Demasiado tiempo obro bajo las enseñanzas de mi Sensei. Todavía recuerdo… conversaciones sobre dinosaurios, charlas sobre Jon Bon Jovi, maquetas de aviones de la segunda guerra mundial, toneladas de música ochentera, puñetazos en el Pryca (cuando todavía se llamaba así), una clase infructuosa que acabó con un dolor intenso en mi hombro derecho, la vida en la habitación del fondo (ahora convertida en trastero), el rescate de un náufrago, la creación de Thantalhar… yo tan sólo me atreví a descubrirle “Magic“, y hace mucho que me superó.
Gracias por todo feo.
Un regalo en forma de canción
Fuente: Un ojo maltrecho por la furia adolescente de “El Ruso“.
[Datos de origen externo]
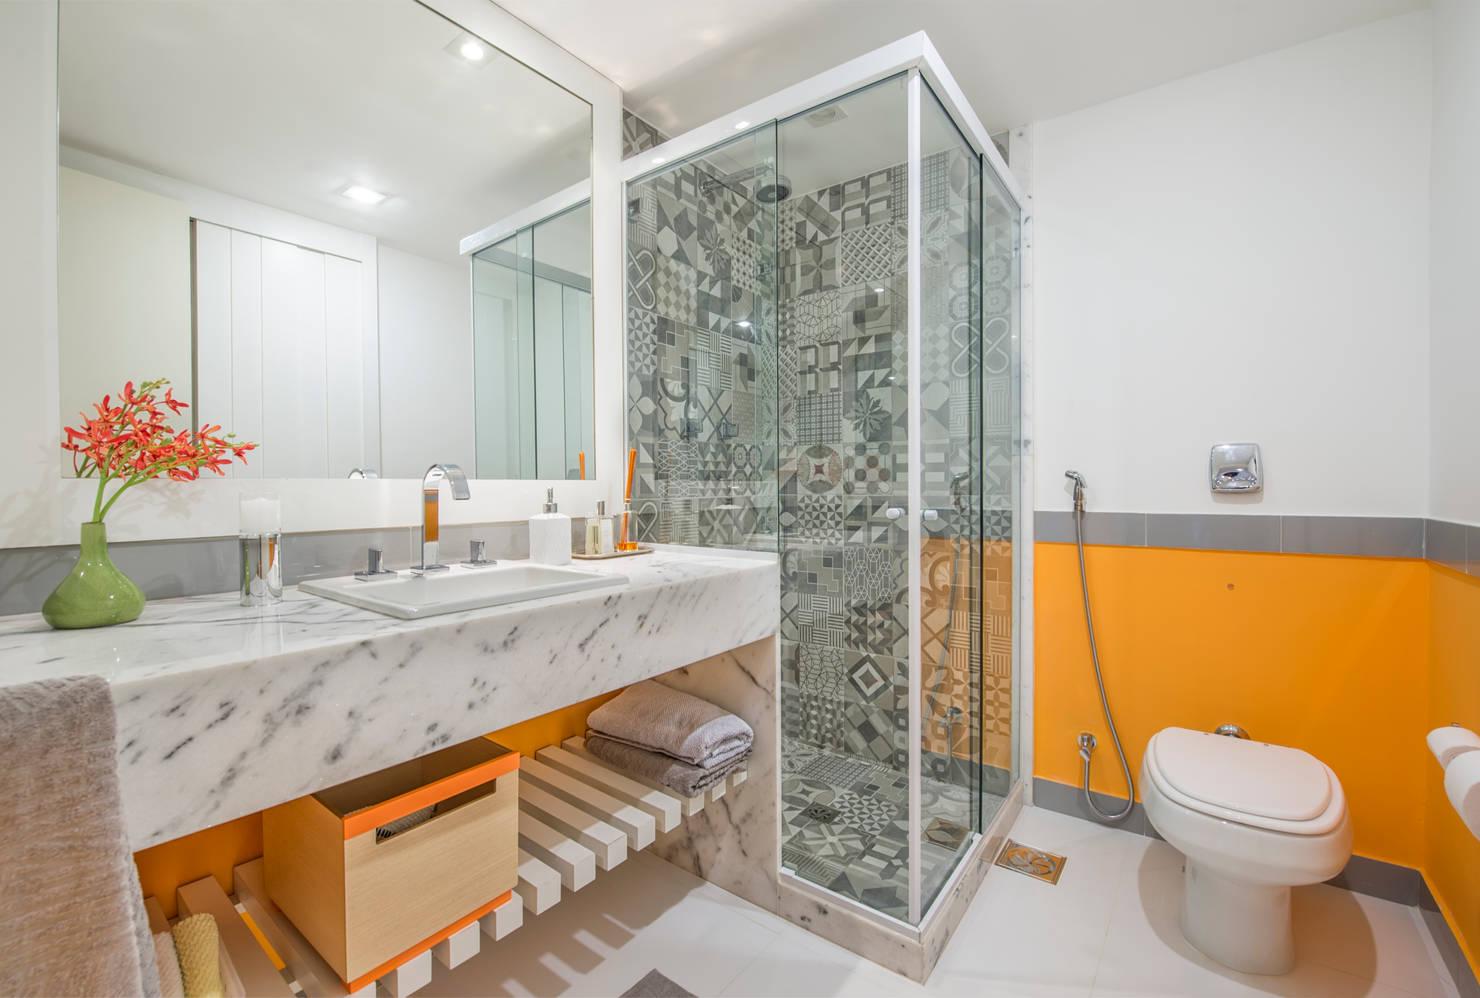 Box do chuveiro: como escolher o mais adequado

…. hoy voy a ser bueno, te lo mereces.
Todo esto que cuentas, esta muy bien, pero para ello necesitas un amigo, una persona con la que compartirlo y alguien con quien vivir estas cosas… por tanto tu tienes la culpa de todo esto tanto como yo. No hay Senshei sin alumno, y ambos aprenden el uno del otro. Tu aporte en mi vida es tanto o mas importante como el mio en la tuya.
Ale ya me he quitado un poco de mi aura helada esa que asusta un poco, pero no se lo cuentes a nadie.
Nunca te quites el aura helada que posees, es necesaria para seguir siendo un buen maestro.
Son demasiadas cosas que contar en tan poco espacio, pero se ha intentado (y eso según tus enseñanzas es no hacerlo).
Nos debemos una cebada malteada fermentada con lúpulo. ¿Para cuando?.